House GOP Set to Torpedo Dem Policy That Let Members Be Slackers

AP Photo/J. Scott Applewhite

The jig is up for House members who have become accustomed to staying at home in their districts and casting their floor votes via proxy. With Republicans set to take control of the House next week, they have indicated they will do away with the COVID-era Nancy Pelosi rule that allowed members to have a colleague cast a vote in their name.


Kevin McCarthy, presumed next Speaker of the House and part of a select group that have never voted by proxy, tweeted his intentions last week after the omnibus monstrosity was passed without a quorum of members being present on the floor for the vote:

Less than half of lawmakers were present on the floor for the omnibus vote, with 134 Democrats and 92 Republicans opting to vote via proxy. House members have enjoyed the privilege of staying home and phoning it in for nearly three years, with Pelosi enacting the proxy measure back in March of 2020, citing health concerns around COVID-19. She recently extended the proxy vote option through the end of of the 117th Congress.

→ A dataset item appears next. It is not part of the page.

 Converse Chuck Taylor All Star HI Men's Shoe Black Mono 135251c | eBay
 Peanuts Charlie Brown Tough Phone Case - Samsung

The decision by Republicans to have the House join the rest of America in going back to work is sure to rankle some lawmakers who have enjoyed the luxury of not showing up to do their job. Rep. Don Beyer (D-VA), whose northern Virginia congressional district is a stone’s throw from DC, seemed to have been kept quite busy by some of his Democrat colleagues, having bragged earlier this year that he had cast proxy votes 2,252 times and voted to impeach Donald Trump six times. Beyer told Insider, “It’s been an honor. I think I could say I voted more than any other member of the House in the last eight years.” Also this:


“I like being able to brag to my grandchildren, I got to vote to impeach Donald Trump six times,” he said.

Christmas dinner at the Beyer house sounds like a barrel of laughs, with Granddaddy regaling the little ones with stories of proxy voting run amok. Here’s where Beyer and his Democrat colleagues’ embrace of the proxy starts to fall apart, with Beyer stating:

“We have a lot of plus-seventies in Congress. We also have a lot of young people, with families and children, and I think it was really valuable for those folks with kids at home to be able to stay for the parent-teacher conference.”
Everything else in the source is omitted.